Rio Grande Valley FC
- Full name: Rio Grande Valley Football Club
- Nicknames: Toros, RGVFC
- Founded: July 15, 2015; 10 years ago
- Dissolved: December 18, 2023; 23 months ago
- Stadium: H-E-B Park Edinburg, Texas
- Capacity: 9,735
- Owner: Alonzo Cantu
- Website: www.rgvfc.com
| Home colors | Away colors |

= Rio Grande Valley FC Toros =

Soccer team in Texas, US

Rio Grande Valley FC, also known as RGVFC or Rio Grande Valley FC Toros, was an American professional soccer team based in Edinburg, Texas operated by Lone Star, LLC. They joined the USL Championship in the 2016 season.

The team served as a hybrid affiliate of the Houston Dynamo of Major League Soccer. Chris Canetti, Houston Dynamo president, called the relationship "an important and necessary step." The hybrid affiliation, a first for the USL, meant that the Dynamo would be responsible for the soccer operation of the club, selecting players and coaching staff.
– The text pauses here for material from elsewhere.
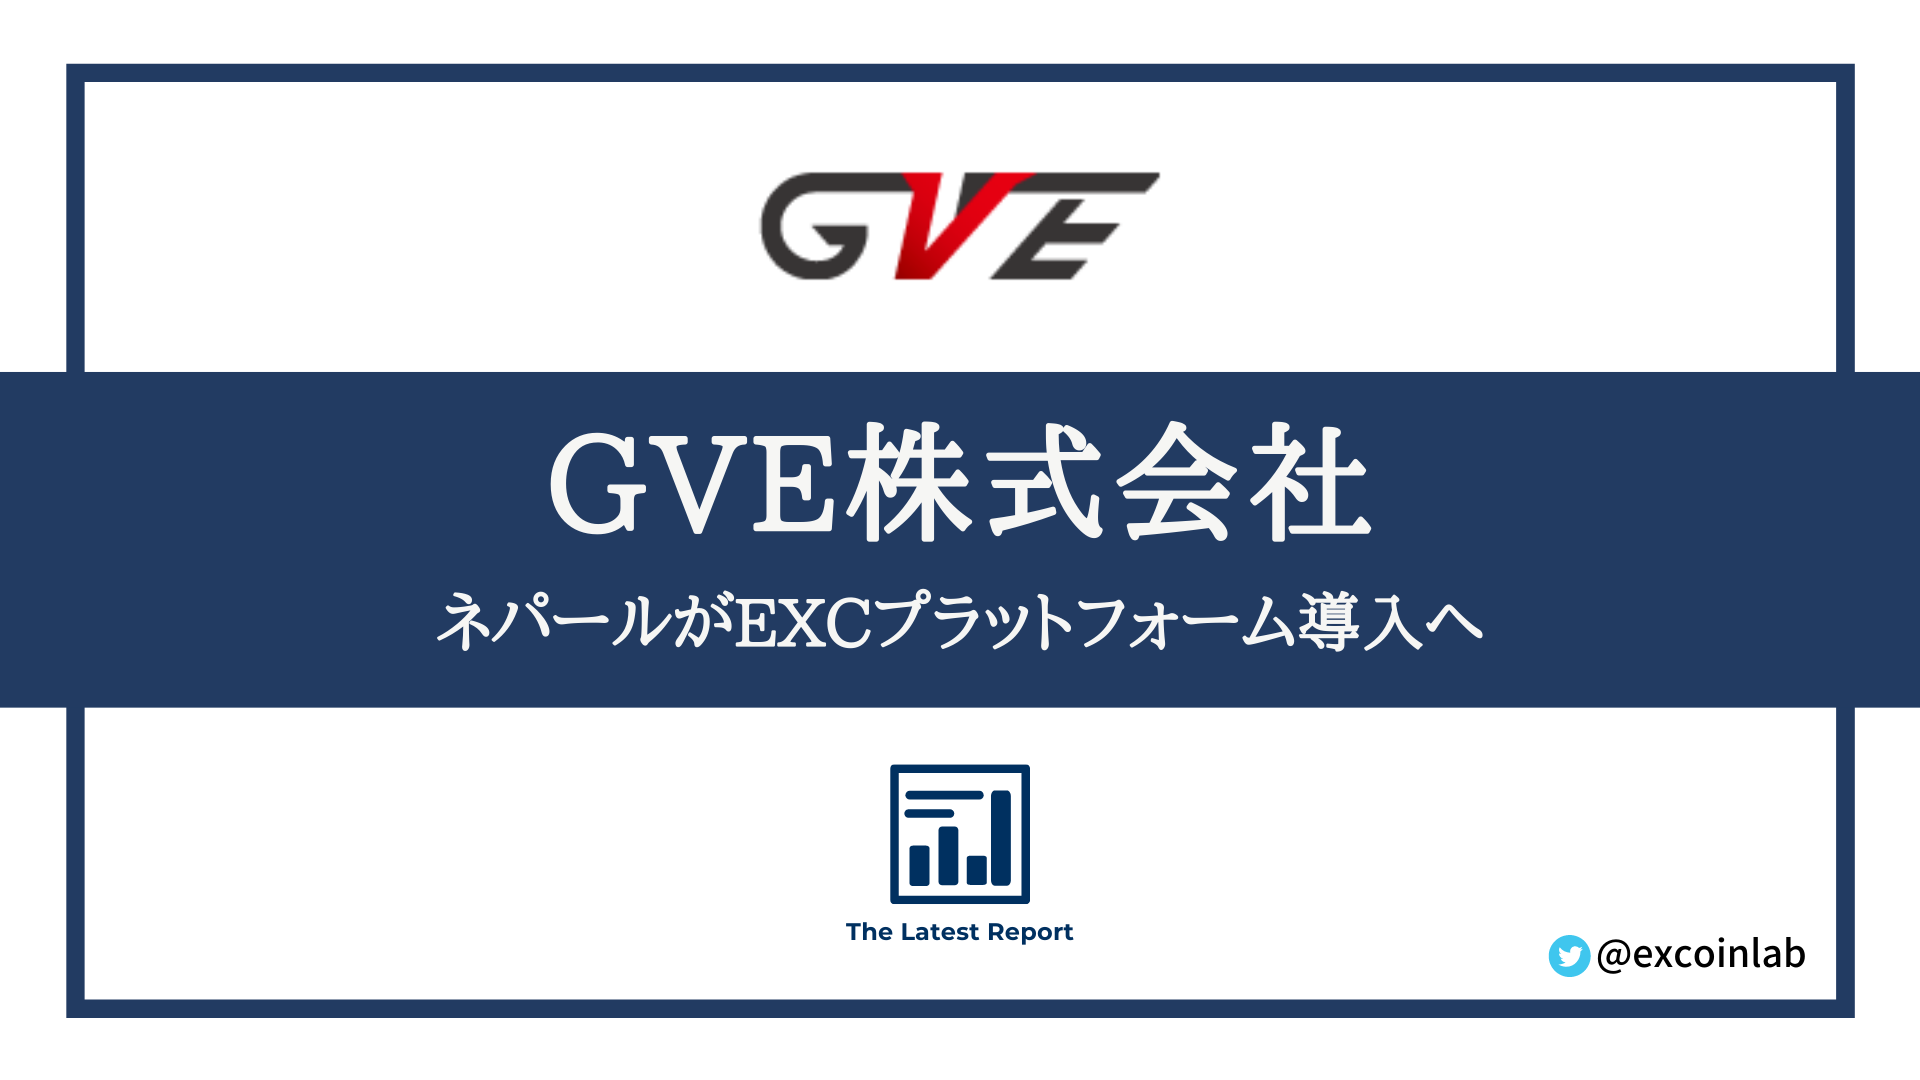 GVE株式会社とEXCプラットフォーム

The ownership group, Lone Star, was responsible for operations and day-to-day management of the club.

==History==
In September 2014, Dynamo officials met with USL officials about creating a USL team and announced their intention to have a USL team in place for the 2016 season.

In March 2015, Bert Garcia announced that the Rio Grande Valley Vipers of the NBA D-league had been awarded a franchise pending concrete plans for a stadium and a name and confirmed a report on MLSSoccer.com that the Houston Dynamo would likely be the MLS affiliate for the USL team in the Rio Grande Valley.

In December 2015, the Houston Dynamo signed Dynamo Academy product Charly Flores as the first player of the Toros.

In December 2020, RGV FC Toros separated from the Houston Dynamo and became an independent soccer club.

On December 18, 2023, RGV FC Toros announced they were ceasing all soccer and business operations, officially ending their eight-year stay with USL.

==Record==
===Year–by–year===

| Year | Division | League | Regular season W-T-L | Playoffs | US Open Cup | Avg. attendance |
|---|---|---|---|---|---|---|
| 2016 | 3 | USL | 2nd, Western: 14–9–7 | Conference Quarterfinals | Not eligible (MLS Reserve Team) | 1,994 |
| 2017 | 2 | USL | 11th, Western: 9–8–15 | Did not qualify | Not eligible (MLS Reserve Team) | 7,067 |
| 2018 | 2 | USL | 13th, Western: 8–14–12 | Did not qualify | Not eligible (MLS Reserve Team) | 4,650 |
| 2019 | 2 | USLC | 13th, Western: 11–8–15 | Did not qualify | Not eligible (MLS Reserve Team) | 3,812 |
| 2020 | 2 | USLC | 13th, Western: 2–3–9 | Did not qualify | Not eligible (MLS Reserve Team) | N/A |
| 2021 | 2 | USLC | 4th, Western, Mountain Division: 13-8-11 | Conference Semifinals | Cancelled due to COVID-19 | 2,506 |
| 2022 | 2 | USLC | 6th, Western: 14-7-13 | Conference Semifinals | Third Round | 4,074 |
| 2023 | 2 | USLC | 9th, Western: 10-13-11 | Did not qualify | Second Round | 4,506 |

===Head coaches===
- Includes USL Regular season, USL Play-offs and Lamar Hunt U.S. Open Cup

| Coach | Nationality | Start | End | Games | Win | Draw | Loss | Win % |
|---|---|---|---|---|---|---|---|---|
| Wilmer Cabrera | Colombia | December 2, 2015 | October 28, 2016 | 31 | 14 | 8 | 9 | 045.16 |
| Junior Gonzalez | United States | December 15, 2016 | November 8, 2017 | 32 | 9 | 15 | 8 | 028.13 |
| Gerson Echeverry | Colombia | December 6, 2017 | November 6, 2020 | 80 | 19 | 36 | 25 | 023.75 |
| Wilmer Cabrera | Colombia | February 11, 2021 | November 21, 2023 | 91 | 30 | 27 | 34 | 032.97 |

==Stadium==
The club had a 9,400-seat soccer-specific stadium in Edinburg, Texas for the team. It was set to open after the Toros played three games at the soccer complex at the University of Texas Rio Grande Valley to start the 2016 USL Season.

The stadium was never completed for play in 2016. Construction of the H-E-B Park was completed during the first quarter of 2017 and the Toros played C.F. Monterrey from Mexico on March 22, 2017 to inaugurate their new stadium. The Toros lost their exhibition match against Rayados 0–3.
The Toros won their first home game at H-E-B Park on April 12, 2017 against the Colorado Springs Switchbacks.
Their home record attendance is 7,820 which was set on April 29, 2017 against the Oklahoma City Energy.